SPLC indictment and coverage: point and counterpoint — 14 Comments

  1. The SPLC has always made me quite uncomfortable. They radiate lies and malice.

  2. Proud Boys warned against attending Unite the Right, saying it was a trap.

    One of the organizers was the guy who founded Patriot Front.

  3. Oh, and one of the organizers was a big Clinton supporter until sometime after Trump was POTUS.

  4. Just read that the Woman running for MI Governor was on the Board at the time of the Unite the Right.
    Yes, the hit piece on Patal is disgusting. Yes, we see all this fraud and corruption, but nothing will happen. The left will never admit to any wrong doing, and no one will go to prison. At least not until the Dems take the WH.

  5. Patriot Front, that astroturfed group of clean cut well dressed nerds that show up in U Haul rental trucks. They looked like low level FBI agents working a side hustle (to me anyway).

    The good old days of “democracy.” (Sarc)

  6. The criminal activity is bank fraud and money laundering. The indictment is in Alabama, where a federal jury might very well convict if the evidence is there. This might be the end of the SPLC. It’s ironic, since its first activity was financially destroying the KKK.

    The subject of to whom these payments were surreptitiously made is the political scandal. They could ride that out, with the help of the legacy media, but the bank fraud is another matter.

  7. Yeah, this is a big deal. I can’t wait to see what my D acquaintances say…..if at all.

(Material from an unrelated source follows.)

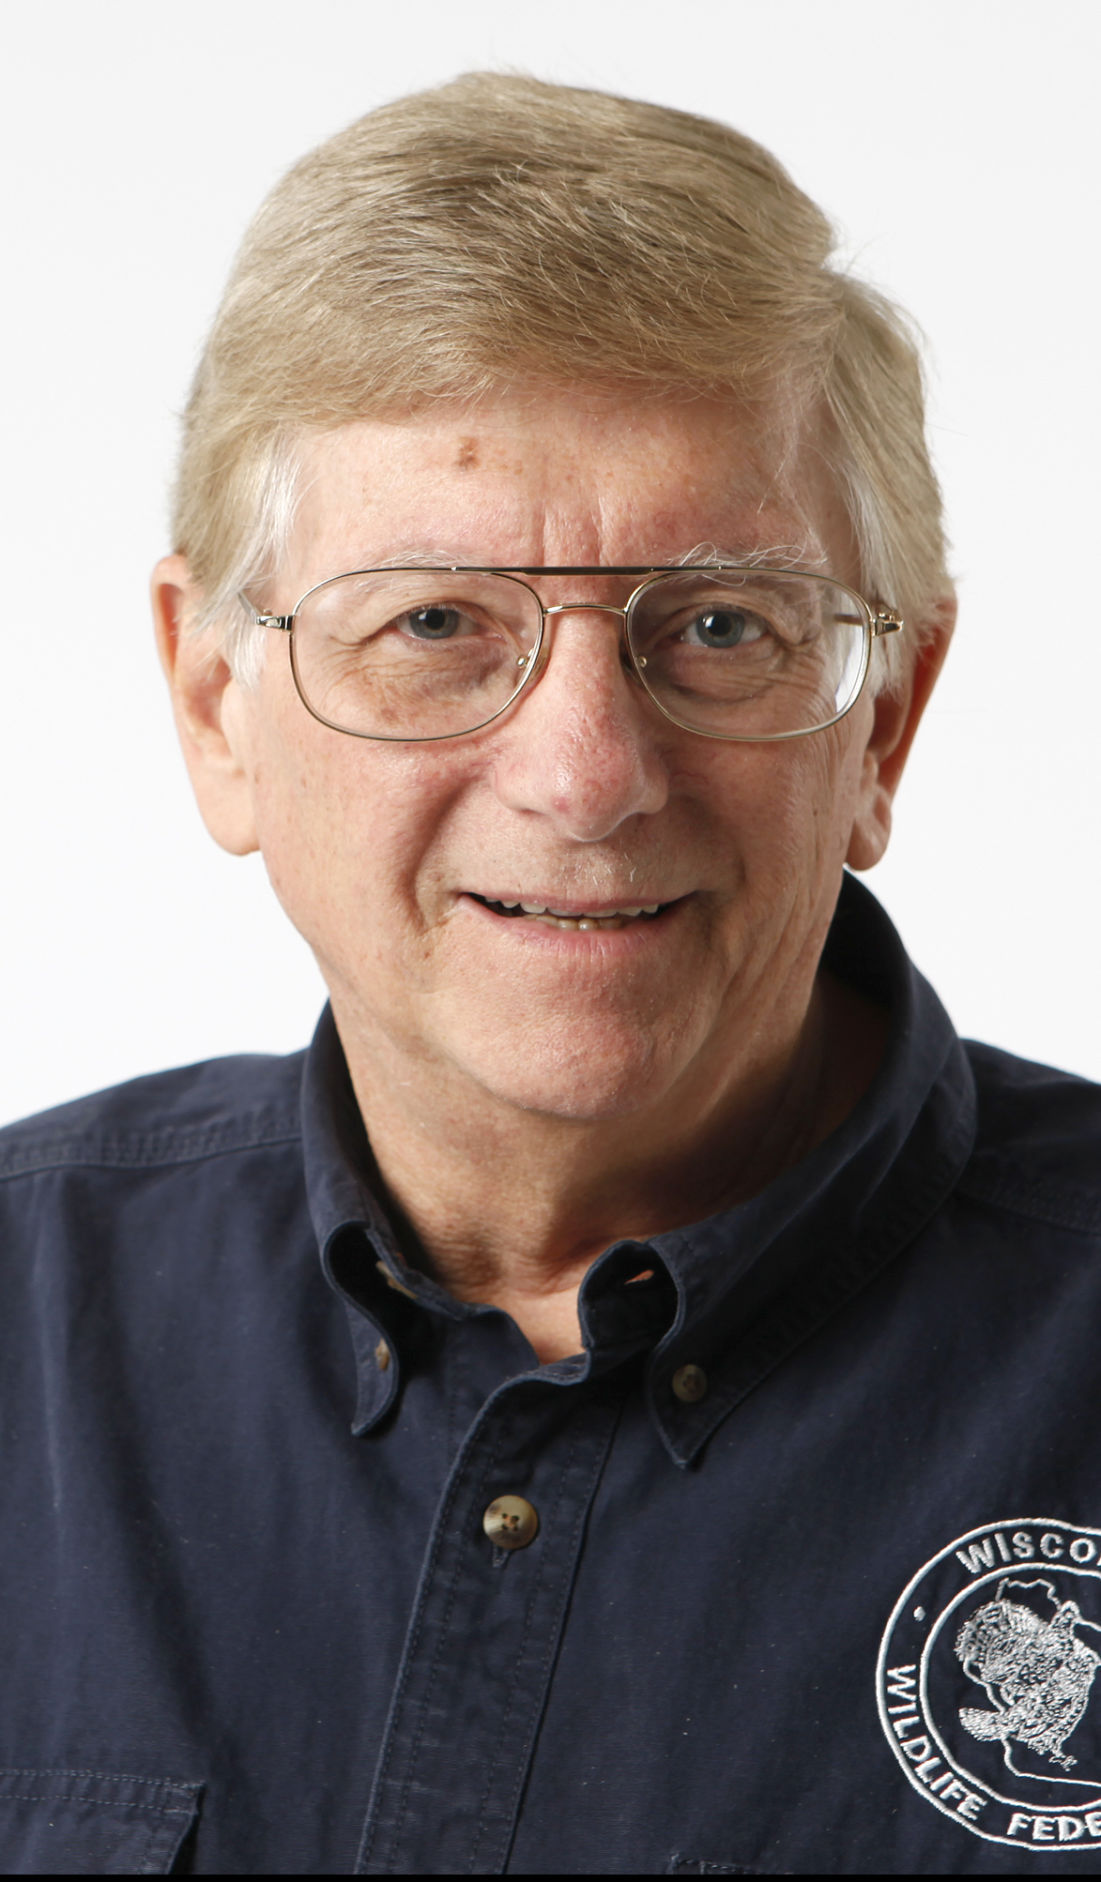 George Meyer

  8. Assuming only for the sake of argument that SPLC had hired infiltrators to do nothing more than merely spy, then
    “To pay these so-called informants, the SPLC created covert bank accounts under fictitious entities”
    would not be in and of itself nefarious. Obviously, spies would become ineffective if they were found to be in the employ of the SPLC as opposed to an apolitical entity.

  9. Ira:

    I am pretty sure that bank fraud is bank fraud and that if the SPLC had paid anyone from a fictitious entity that would have been illegal. The FBI can do it, but not the SPLC or the like.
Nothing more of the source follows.